Elliot Miles

Personal information
- Full name: Eliot JB Miles
- Born: 26 June 1997 (age 29) St Helier, Jersey
- Batting: Right-handed
- Bowling: Left-arm orthodox spin

International information
- National side: Jersey;
- ODI debut (cap 7): 27 March 2023 v Canada
- Last ODI: 30 March 2023 v Namibia
- T20I debut (cap 7): 31 May 2019 v Guernsey
- Last T20I: 17 July 2022 v Singapore

Career statistics
| Competition | ODI | T20I | LA |
| Matches | 4 | 33 | 18 |
| Runs scored | 2 | 36 | 24 |
| Batting average | 2.00 | 7.20 | 6.00 |
| 100s/50s | 0/0 | 0/0 | 0/0 |
| Top score | 1* | 16 | 8* |
| Balls bowled | 174 | 642 | 798 |
| Wickets | 4 | 40 | 22 |
| Bowling average | 41.25 | 17.40 | 28.40 |
| 5 wickets in innings | 0 | 0 | 0 |
| 10 wickets in match | 0 | 0 | 0 |
| Best bowling | 2/32 | 3/10 | 4/8 |
| Catches/stumpings | 0/– | 6/– | 3/– |
- Source: Cricinfo, 25 May 2026

= Elliot Miles =

Jersey cricketer (born 1997)

Elliot Miles (born 26 June 1997) is a Jersey cricketer. He was named in Jersey's squad for the 2017 ICC World Cricket League Division Five tournament in South Africa. He played in Jersey's opening fixture, against Vanuatu, on 3 September 2017.

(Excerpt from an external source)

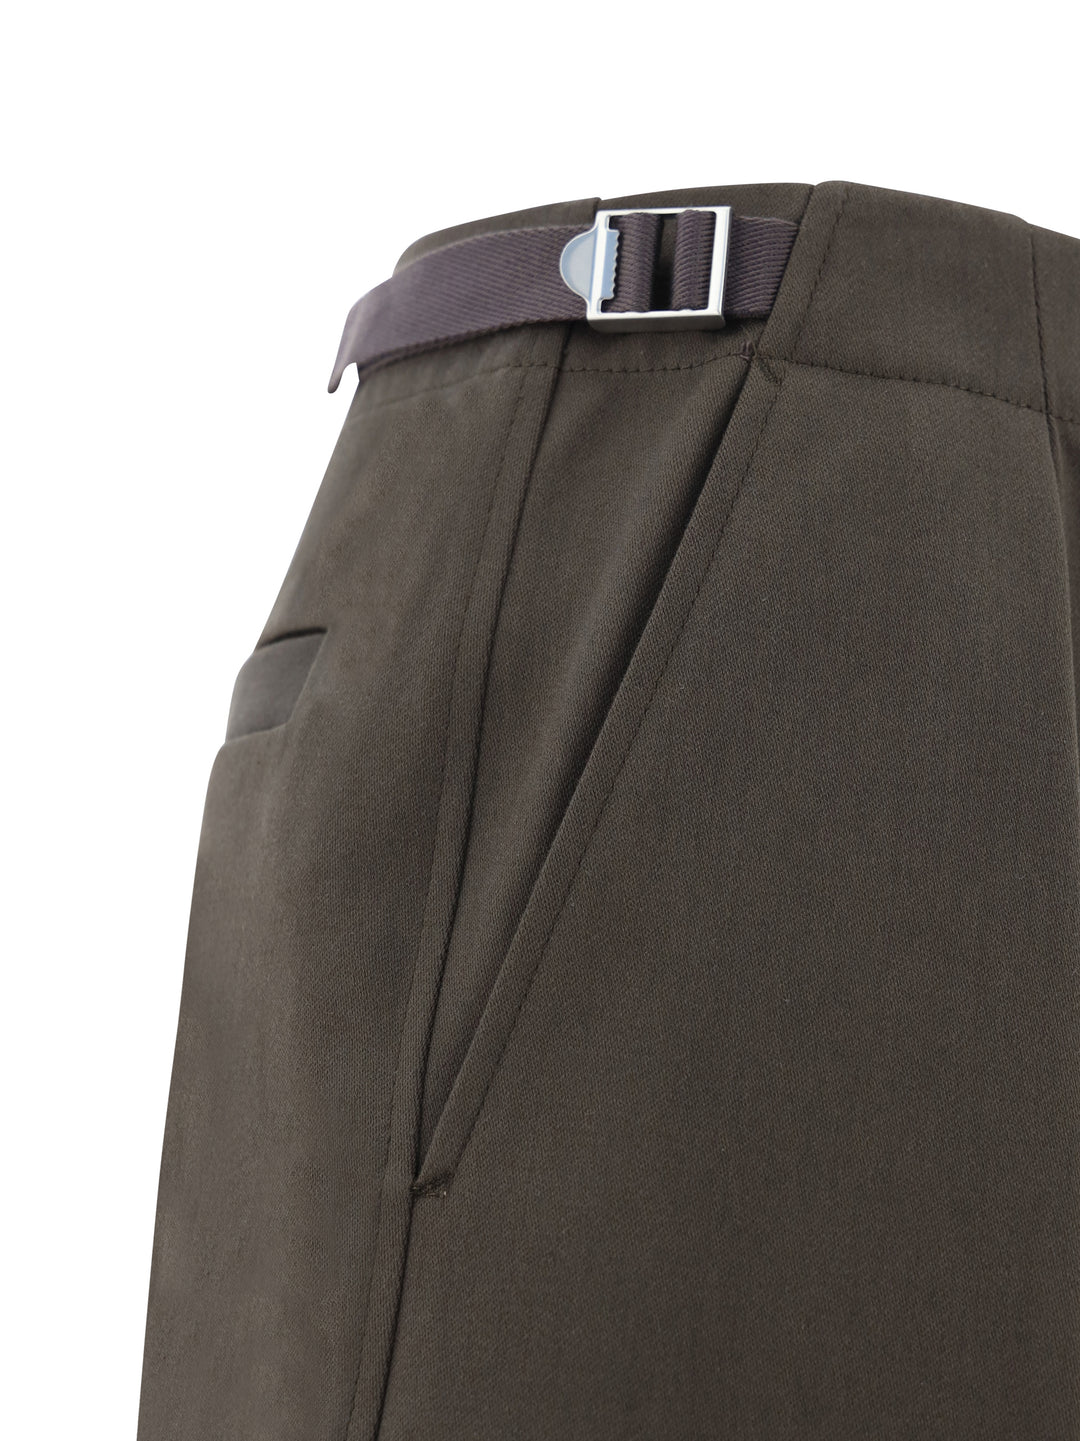 Pantalone in cotone con cinturini laterali regolabili

He was a member of Jersey's squad for the 2018 ICC World Cricket League Division Four tournament in Malaysia. In August 2018, he was named in Jersey's squad for the 2018–19 ICC World Twenty20 Europe Qualifier tournament in the Netherlands.

In May 2019, he was named in Jersey's squad for the 2019 T20 Inter-Insular Cup against Guernsey. He made his Twenty20 International (T20I) debut for Jersey against Guernsey on 31 May 2019. The same month, he was named in Jersey's squad for the Regional Finals of the 2018–19 ICC T20 World Cup Europe Qualifier tournament in Guernsey.

In September 2019, he was named in Jersey's squad for the 2019 ICC T20 World Cup Qualifier tournament in the United Arab Emirates. In November 2019, he was named in Jersey's squad for the Cricket World Cup Challenge League B tournament in Oman. He made his List A debut, for Jersey against Uganda, on 2 December 2019.

In October 2021, Miles was named in Jersey's T20I squad for the Regional Final of the 2021 ICC Men's T20 World Cup Europe Qualifier tournament.

In March 2023, he was named in Jersey's squad for the 2023 Cricket World Cup Qualifier Play-off. He made his One Day International (ODI) debut on 27 March 2023, for Jersey against Canada in that tournament.